[Data records — start]
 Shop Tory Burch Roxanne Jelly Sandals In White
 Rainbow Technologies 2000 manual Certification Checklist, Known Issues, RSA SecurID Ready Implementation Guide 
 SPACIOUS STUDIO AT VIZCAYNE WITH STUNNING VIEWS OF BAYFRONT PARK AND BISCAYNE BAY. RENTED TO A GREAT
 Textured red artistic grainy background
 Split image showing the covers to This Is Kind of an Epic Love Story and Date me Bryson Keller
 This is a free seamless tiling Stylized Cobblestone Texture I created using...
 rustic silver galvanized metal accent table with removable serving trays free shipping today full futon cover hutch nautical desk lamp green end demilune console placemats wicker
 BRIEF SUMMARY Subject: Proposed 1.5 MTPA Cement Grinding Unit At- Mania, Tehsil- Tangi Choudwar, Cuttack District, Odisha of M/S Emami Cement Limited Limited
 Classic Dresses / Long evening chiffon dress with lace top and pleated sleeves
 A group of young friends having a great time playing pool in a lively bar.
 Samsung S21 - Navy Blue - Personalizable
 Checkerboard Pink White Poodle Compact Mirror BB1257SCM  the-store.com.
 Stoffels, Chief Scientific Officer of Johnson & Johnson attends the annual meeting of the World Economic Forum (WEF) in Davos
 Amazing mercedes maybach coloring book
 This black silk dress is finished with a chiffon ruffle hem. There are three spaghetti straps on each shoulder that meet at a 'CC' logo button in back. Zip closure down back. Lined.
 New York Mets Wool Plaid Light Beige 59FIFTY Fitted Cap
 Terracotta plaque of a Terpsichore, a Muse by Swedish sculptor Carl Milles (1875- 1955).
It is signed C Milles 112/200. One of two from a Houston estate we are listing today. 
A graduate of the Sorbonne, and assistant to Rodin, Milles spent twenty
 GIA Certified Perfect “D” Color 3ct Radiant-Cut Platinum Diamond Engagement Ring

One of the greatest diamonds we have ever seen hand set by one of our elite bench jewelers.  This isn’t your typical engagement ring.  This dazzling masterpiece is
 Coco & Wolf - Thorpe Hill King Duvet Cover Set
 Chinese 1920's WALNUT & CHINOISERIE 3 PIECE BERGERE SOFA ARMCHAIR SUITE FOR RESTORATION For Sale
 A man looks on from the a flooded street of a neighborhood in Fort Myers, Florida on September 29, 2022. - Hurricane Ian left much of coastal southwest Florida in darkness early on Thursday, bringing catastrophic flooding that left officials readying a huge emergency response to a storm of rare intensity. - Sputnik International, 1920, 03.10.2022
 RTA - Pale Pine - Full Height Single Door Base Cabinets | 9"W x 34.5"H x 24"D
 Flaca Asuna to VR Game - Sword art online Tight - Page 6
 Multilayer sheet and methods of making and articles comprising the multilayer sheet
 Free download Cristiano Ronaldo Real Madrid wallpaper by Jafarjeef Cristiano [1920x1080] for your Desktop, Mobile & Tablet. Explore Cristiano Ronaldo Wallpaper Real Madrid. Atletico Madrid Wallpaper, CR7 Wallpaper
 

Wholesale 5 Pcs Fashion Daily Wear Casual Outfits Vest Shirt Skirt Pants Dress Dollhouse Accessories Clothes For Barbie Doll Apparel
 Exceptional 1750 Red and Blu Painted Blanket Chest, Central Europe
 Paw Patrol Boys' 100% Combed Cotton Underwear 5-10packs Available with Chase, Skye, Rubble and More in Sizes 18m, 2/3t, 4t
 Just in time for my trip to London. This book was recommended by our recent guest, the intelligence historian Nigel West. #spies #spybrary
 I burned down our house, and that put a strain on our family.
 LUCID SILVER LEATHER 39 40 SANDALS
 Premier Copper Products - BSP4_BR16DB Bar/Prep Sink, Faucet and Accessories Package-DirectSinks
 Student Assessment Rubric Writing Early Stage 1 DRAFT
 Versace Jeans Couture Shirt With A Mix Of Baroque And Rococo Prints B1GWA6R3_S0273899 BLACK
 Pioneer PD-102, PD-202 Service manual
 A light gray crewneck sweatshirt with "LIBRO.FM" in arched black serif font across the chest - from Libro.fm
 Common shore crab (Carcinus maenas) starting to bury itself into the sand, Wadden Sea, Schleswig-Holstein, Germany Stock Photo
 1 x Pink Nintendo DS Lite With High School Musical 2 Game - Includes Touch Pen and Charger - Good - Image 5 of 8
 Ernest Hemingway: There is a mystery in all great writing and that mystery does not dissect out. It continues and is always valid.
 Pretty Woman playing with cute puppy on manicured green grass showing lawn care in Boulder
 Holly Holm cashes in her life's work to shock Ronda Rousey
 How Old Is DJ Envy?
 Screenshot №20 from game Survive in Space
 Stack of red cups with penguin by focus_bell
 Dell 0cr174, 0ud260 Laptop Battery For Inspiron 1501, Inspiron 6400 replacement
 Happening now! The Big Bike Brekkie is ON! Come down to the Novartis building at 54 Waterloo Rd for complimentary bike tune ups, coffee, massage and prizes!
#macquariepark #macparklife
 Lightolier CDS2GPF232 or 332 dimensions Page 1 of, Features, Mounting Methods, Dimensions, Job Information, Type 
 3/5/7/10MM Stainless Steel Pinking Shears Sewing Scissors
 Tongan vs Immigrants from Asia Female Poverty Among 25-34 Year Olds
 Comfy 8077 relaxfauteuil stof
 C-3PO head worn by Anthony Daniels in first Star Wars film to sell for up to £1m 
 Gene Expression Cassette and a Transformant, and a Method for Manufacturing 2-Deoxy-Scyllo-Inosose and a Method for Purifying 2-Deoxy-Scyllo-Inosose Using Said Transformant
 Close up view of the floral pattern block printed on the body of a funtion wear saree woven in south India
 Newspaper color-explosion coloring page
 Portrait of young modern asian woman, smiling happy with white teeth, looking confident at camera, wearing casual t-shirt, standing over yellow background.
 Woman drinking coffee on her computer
[Data records — finish]
Exercise
Only the lines from the opening of the material through the line with "Classic Dresses /" should be echoed, exactly as written.

Output of the exercise
 Shop Tory Burch Roxanne Jelly Sandals In White
 Rainbow Technologies 2000 manual Certification Checklist, Known Issues, RSA SecurID Ready Implementation Guide 
 SPACIOUS STUDIO AT VIZCAYNE WITH STUNNING VIEWS OF BAYFRONT PARK AND BISCAYNE BAY. RENTED TO A GREAT
 Textured red artistic grainy background
 Split image showing the covers to This Is Kind of an Epic Love Story and Date me Bryson Keller
 This is a free seamless tiling Stylized Cobblestone Texture I created using...
 rustic silver galvanized metal accent table with removable serving trays free shipping today full futon cover hutch nautical desk lamp green end demilune console placemats wicker
 BRIEF SUMMARY Subject: Proposed 1.5 MTPA Cement Grinding Unit At- Mania, Tehsil- Tangi Choudwar, Cuttack District, Odisha of M/S Emami Cement Limited Limited
 Classic Dresses / Long evening chiffon dress with lace top and pleated sleeves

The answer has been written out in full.